- [Exercise]:
All of the lines below need to be copied exactly, apart from the pictures.
Provided material section start
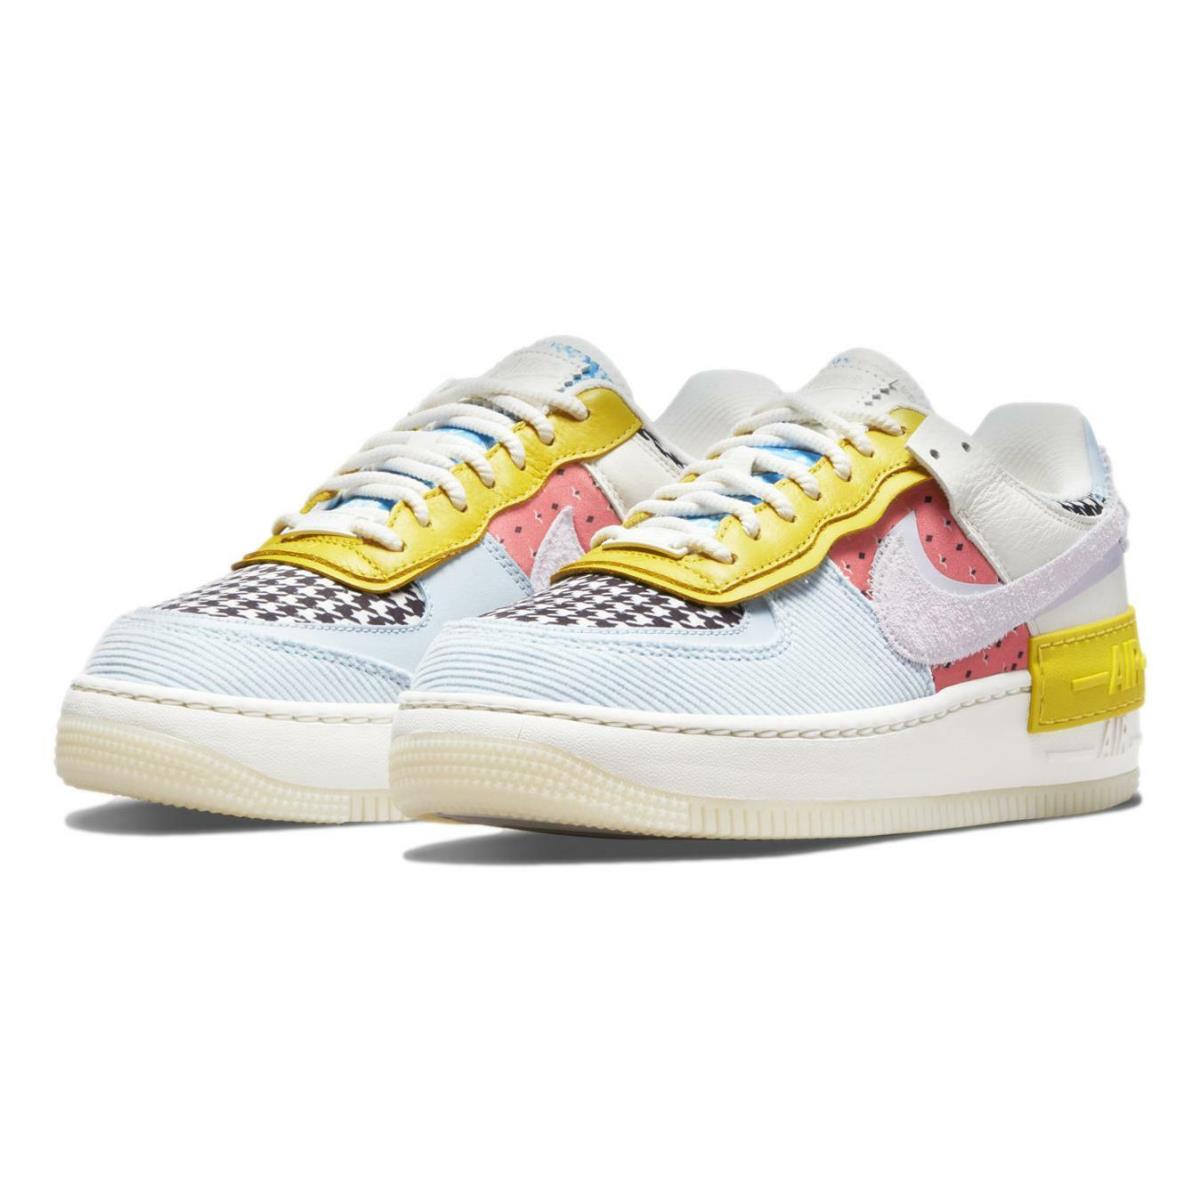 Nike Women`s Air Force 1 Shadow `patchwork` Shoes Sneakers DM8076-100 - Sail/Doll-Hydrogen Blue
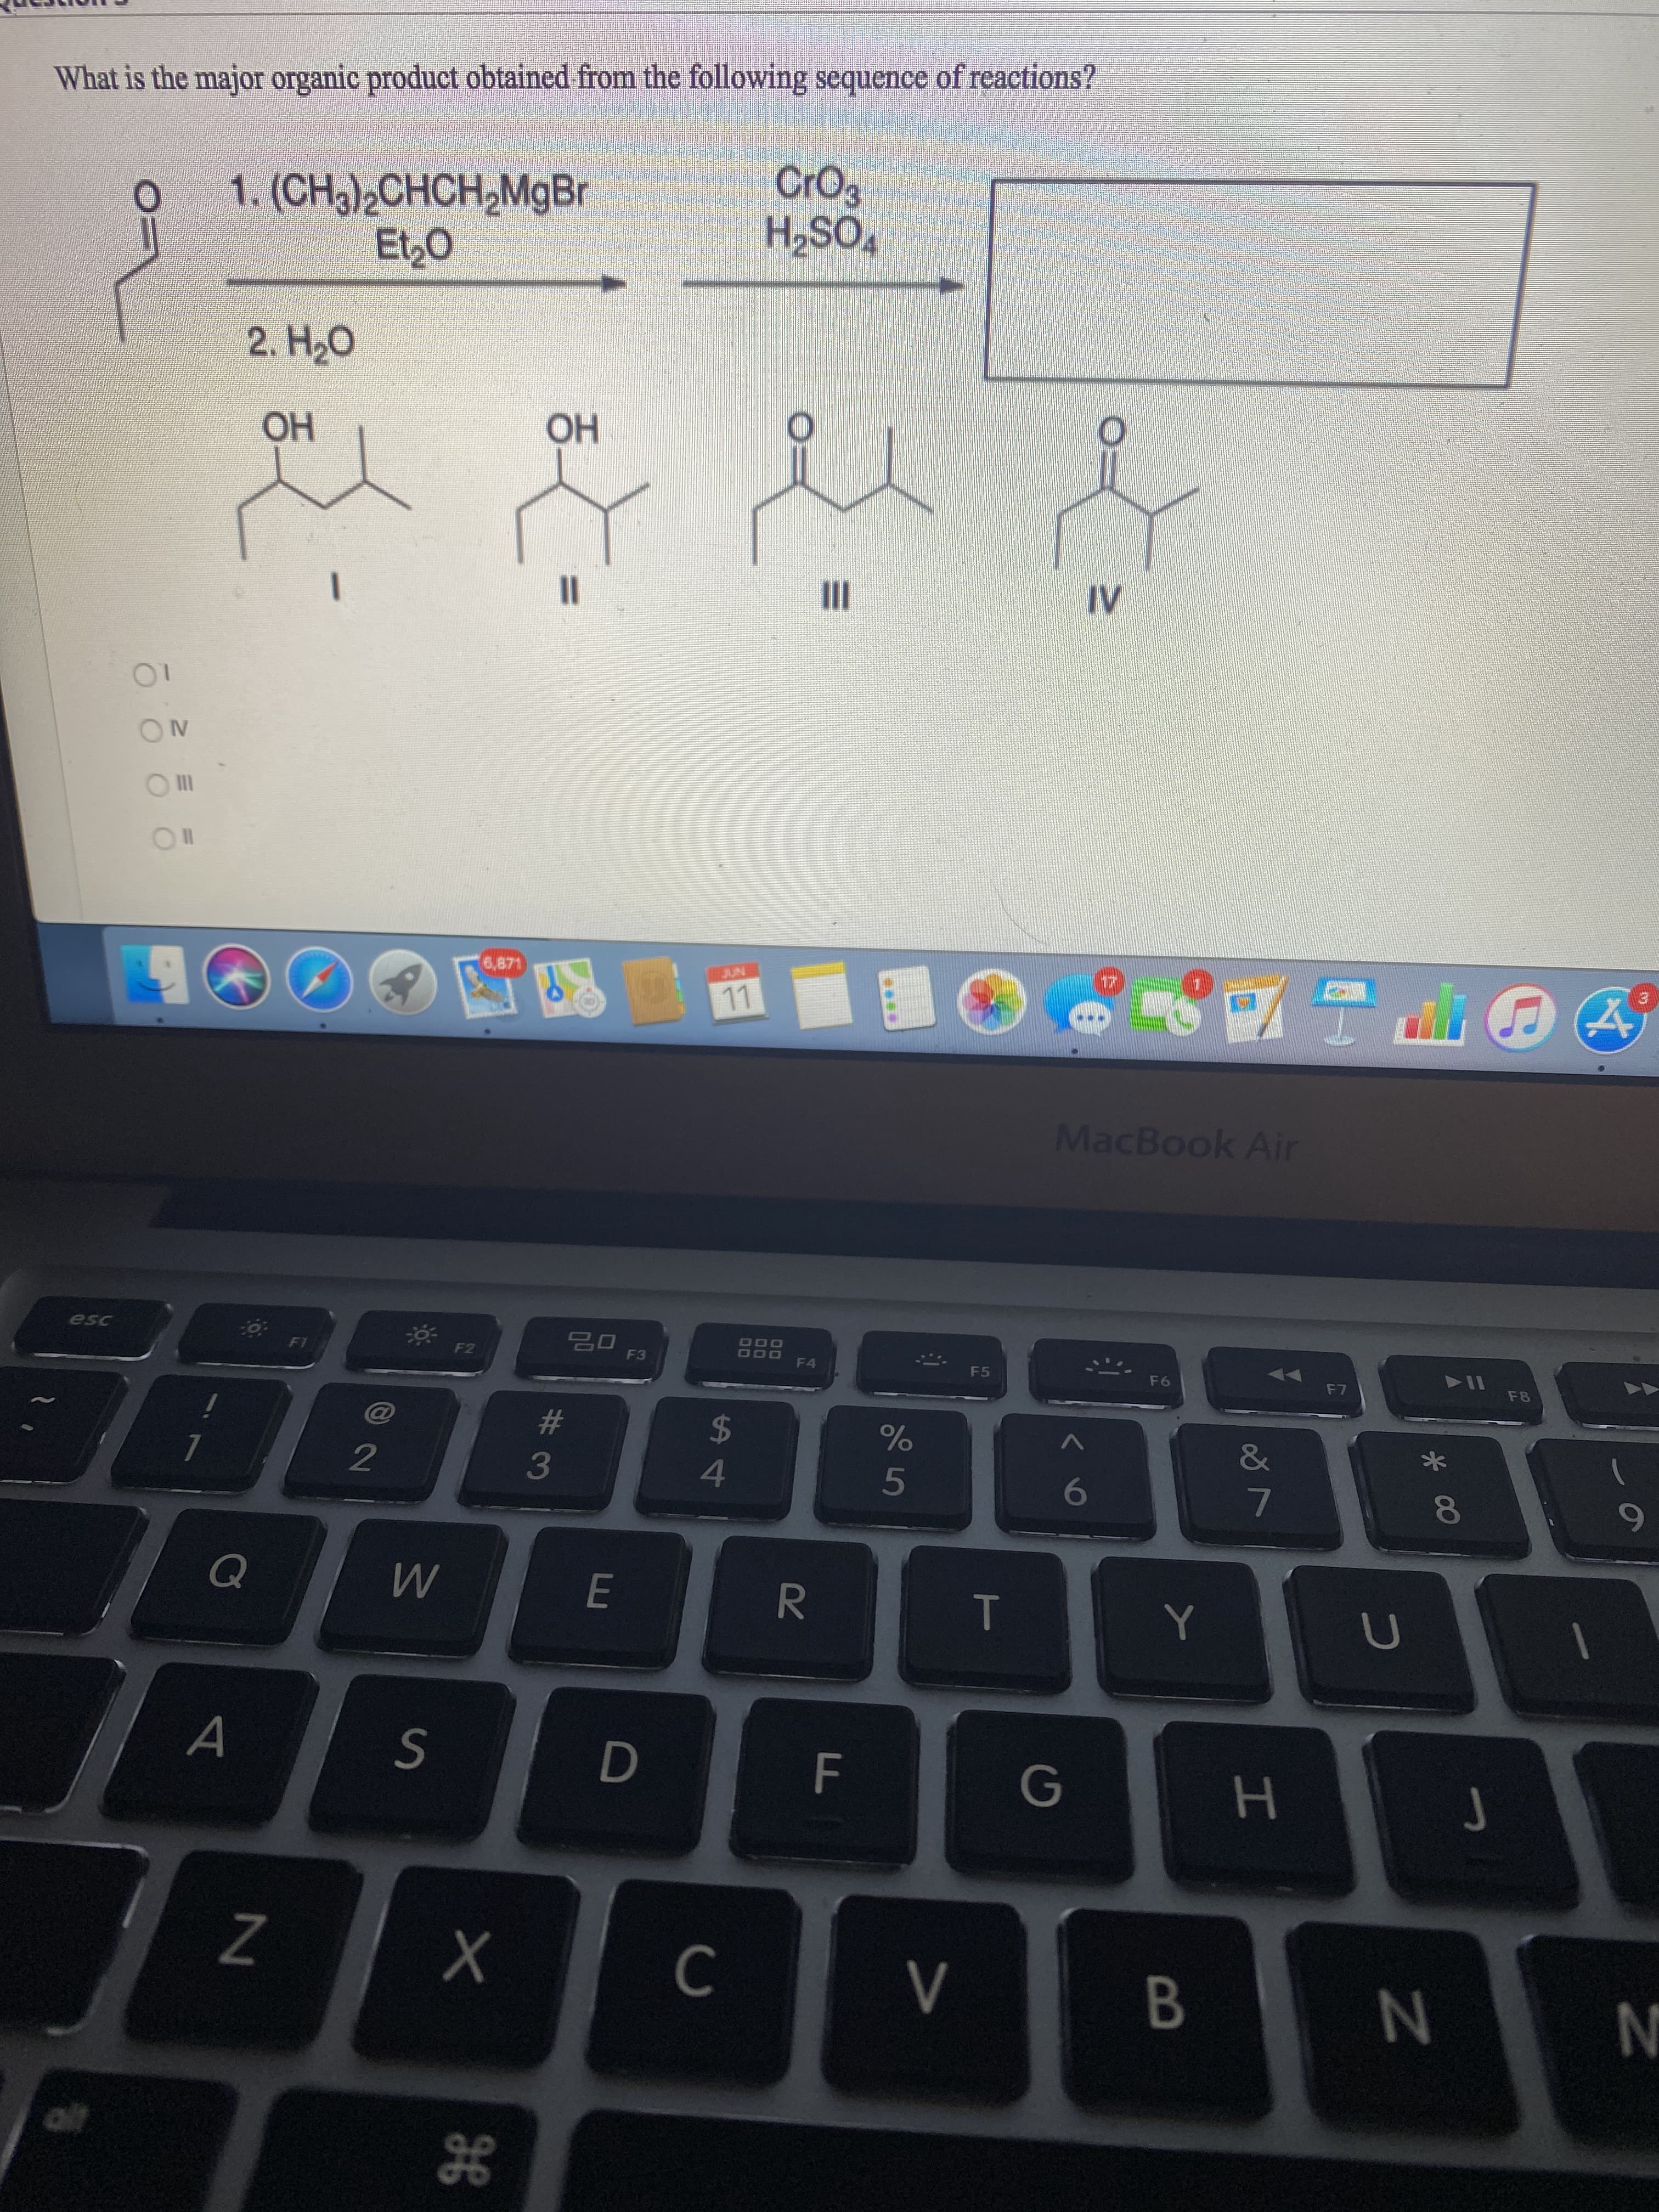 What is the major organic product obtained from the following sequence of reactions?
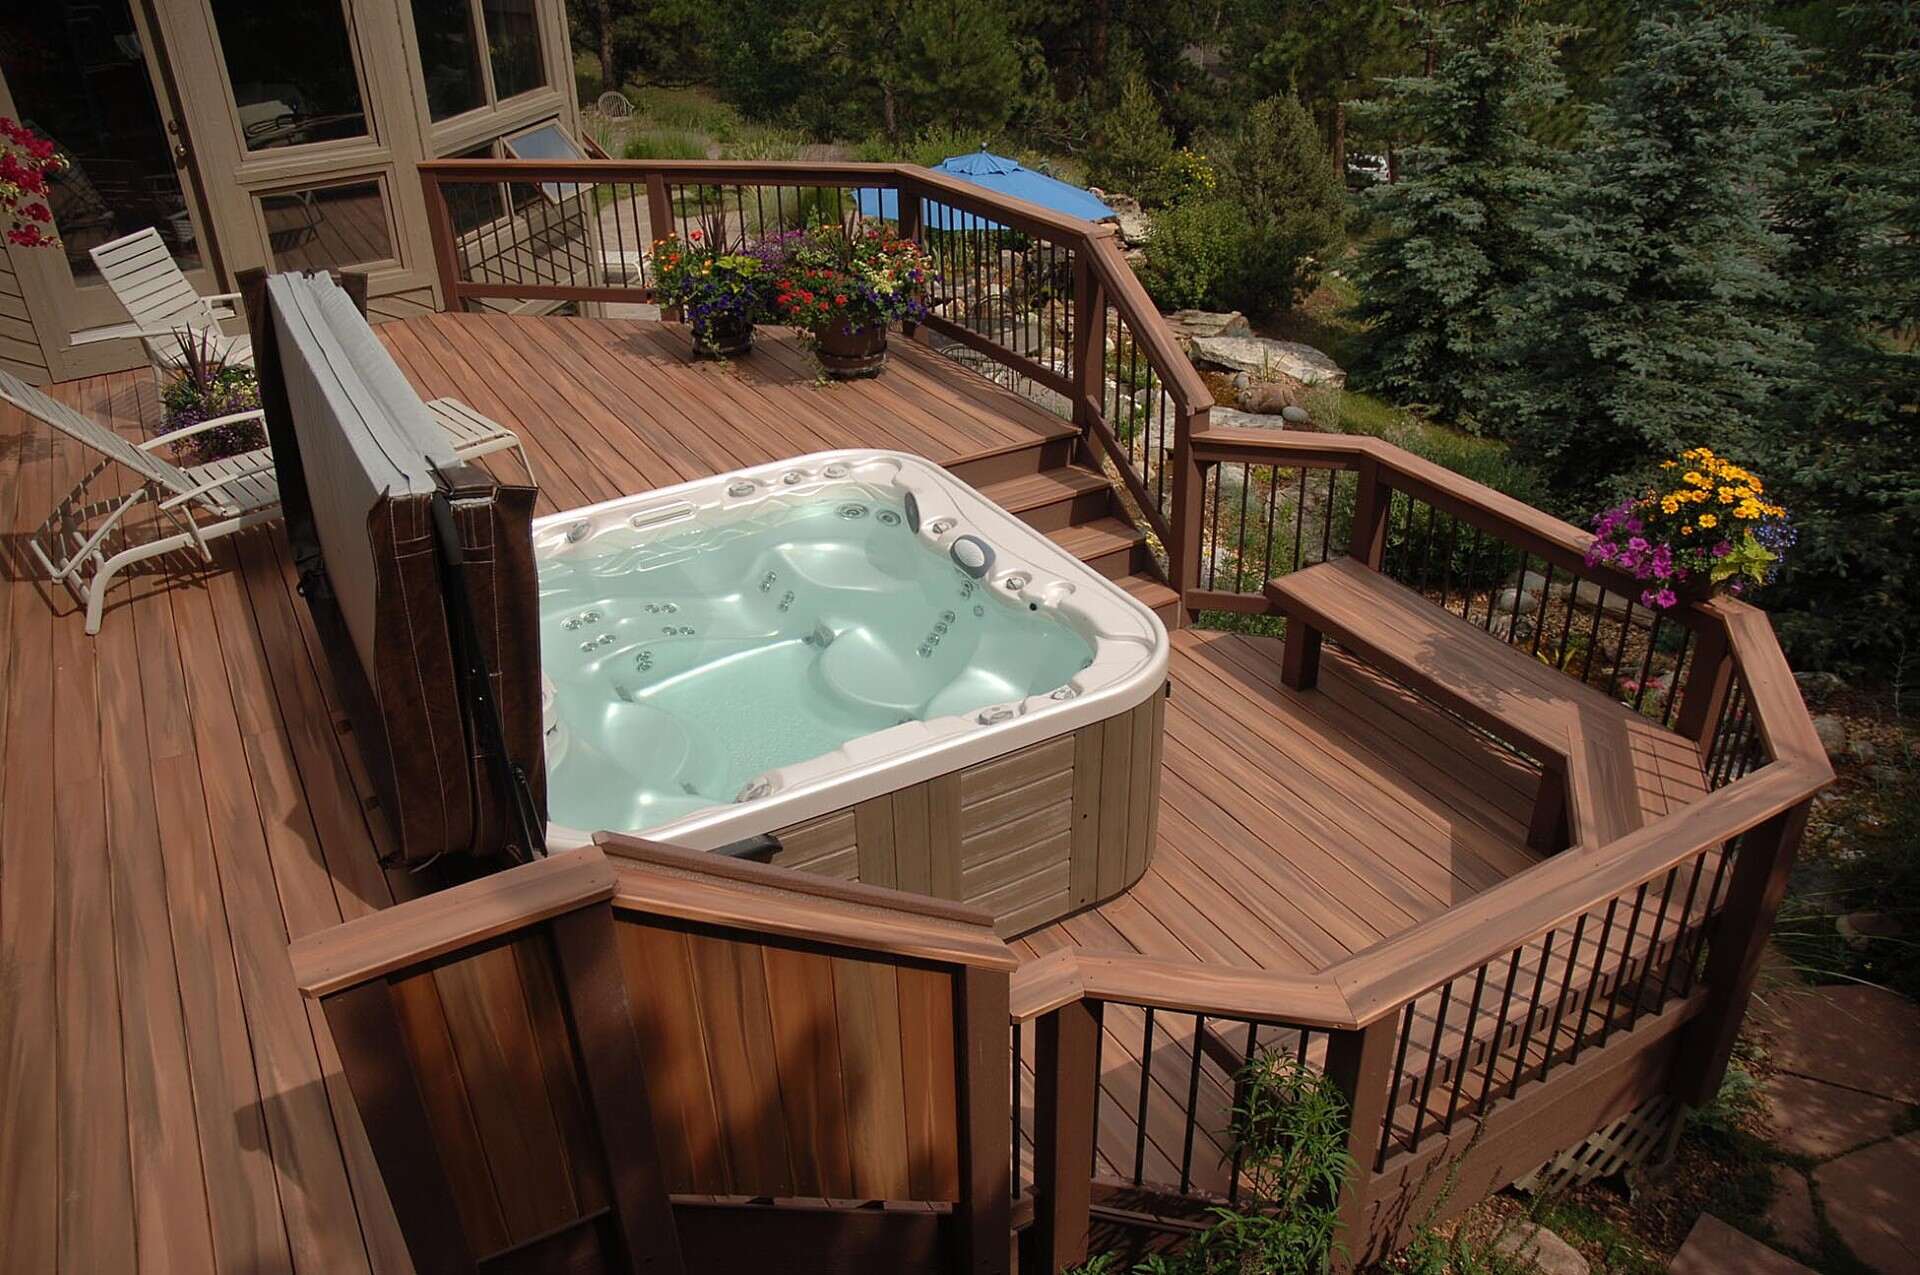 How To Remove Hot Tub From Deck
Provided material section end
- [Solution]:
 Nike Women`s Air Force 1 Shadow `patchwork` Shoes Sneakers DM8076-100 - Sail/Doll-Hydrogen Blue
 What is the major organic product obtained from the following sequence of reactions?
 How To Remove Hot Tub From Deck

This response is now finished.